FIG. 3 is a schematic diagram of the construction of recombinant human type I collagen plasmid ppic 9K-I.alpha.1 x 6.

FIG. 4 shows the electrophoresis of Sc I digested agarose gel of recombinant human type I collagen plasmid ppic 9K-I.alpha.1 x 6.

FIG. 5 is a photograph of a Pichia pastoris GS115 after electroporation.

FIG. 6 is a gel electrophoresis of the positive clone strains.

FIG. 7 is a PCR gel electrophoresis of the positive clone strains.

FIG. 8 is a graph showing protein expression analysis of samples cultured for 0, 24, 48, 72 and 96 hours for #8 positive clonal strain.

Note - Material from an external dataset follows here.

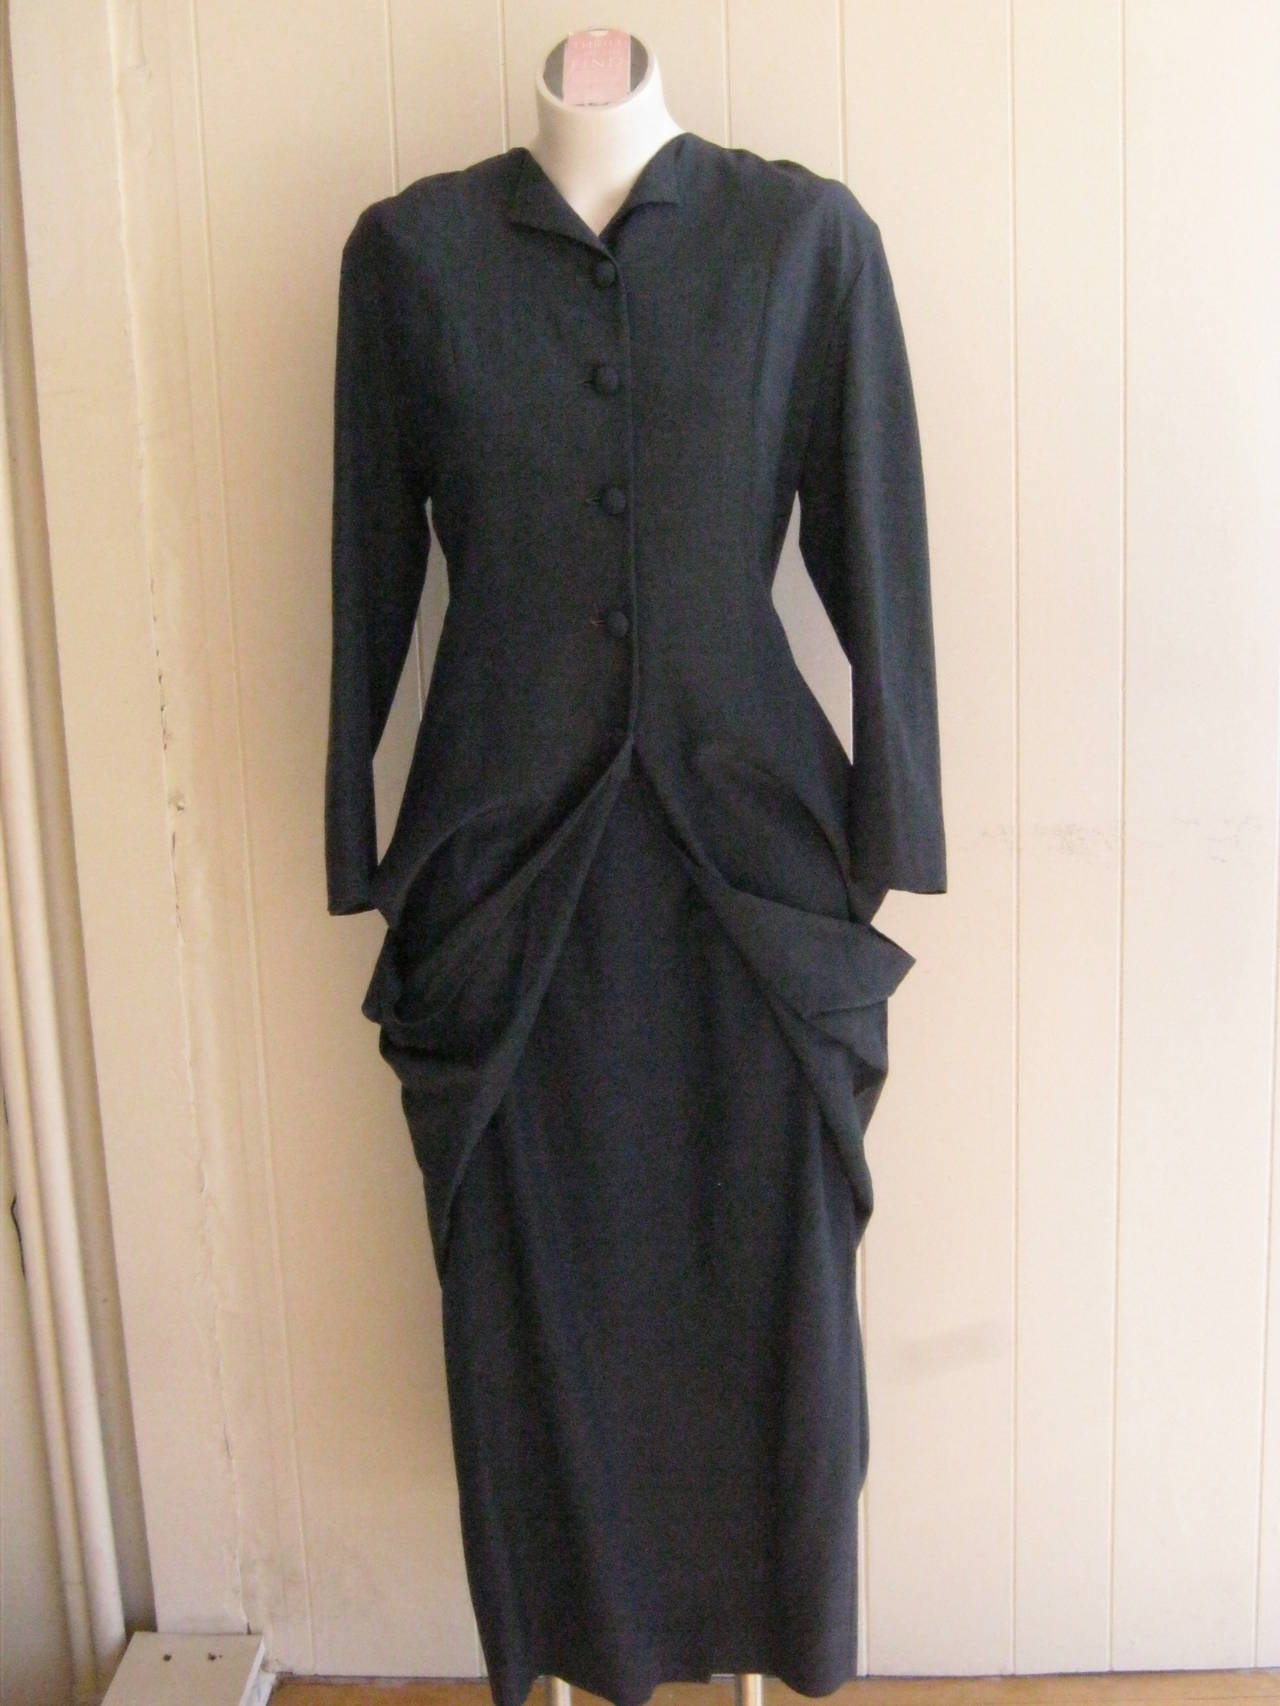 Only the jacket is featured on the picture as I wanted you to see the fantastic detail which brings to mind a redingote or the Edwardian frock coat! The skirt is long, straight and high waisted. The material feels like a blend of light wool and

FIG. 9 is a graph showing protein expression analysis of samples cultured for 0, 24, 48, 72 and 96 hours for #9 positive clonal strain.

FIG. 10 is a graph showing protein expression analysis of samples cultured for 0, 24, 48, 72 and 96 hours for #10 positive clonal strain.

FIG. 11 is a graph showing protein expression analysis of samples cultured for 0, 24, 48, 72 and 96 hours for #10 positive clonal strain.

FIG. 12 is a graph showing the results of the moisture improvement rate.

Fig. 13 is a graph showing the wrinkle improvement rate results.

Fig. 14 is a graph showing the results of texture improvement rates.

Detailed Description

The present invention will be described in more detail with reference to the following examples and the accompanying drawings. The procedures, conditions, reagents, experimental methods and the like for carrying out the present invention are general knowledge and common general knowledge in the art except for the contents specifically mentioned below, and the present invention is not particularly limited.

Example 1

1. Protein sequence selection

The amino acid sequence (SEQ No.1) of human type I alpha 1 chain collagen was subjected to hydrophobicity analysis, and the results are shown in FIG. 1. The lower the hydrophobicity evaluation score, the better the hydrophilicity. According to the result of hydrophobicity analysis, selecting amino acid fragments with low scores, taking 69 short peptide unit fragments (namely recombinant human type I collagen I69 aa and SEQ No.2), and connecting and repeating the ending of the short peptide fragments for six times to integrate the short peptide fragments into new protein, namely the recombinant human type I collagen (namely recombinant human type I collagen I alpha 1x6 and SEQ No. 3). The results of the hydrophobicity analysis of the amino acids of the recombinant human type I collagen are shown in figure 2, and the hydrophobicity evaluation of all the amino acids in the protein is lower than zero, which indicates that the protein has good hydrophilicity.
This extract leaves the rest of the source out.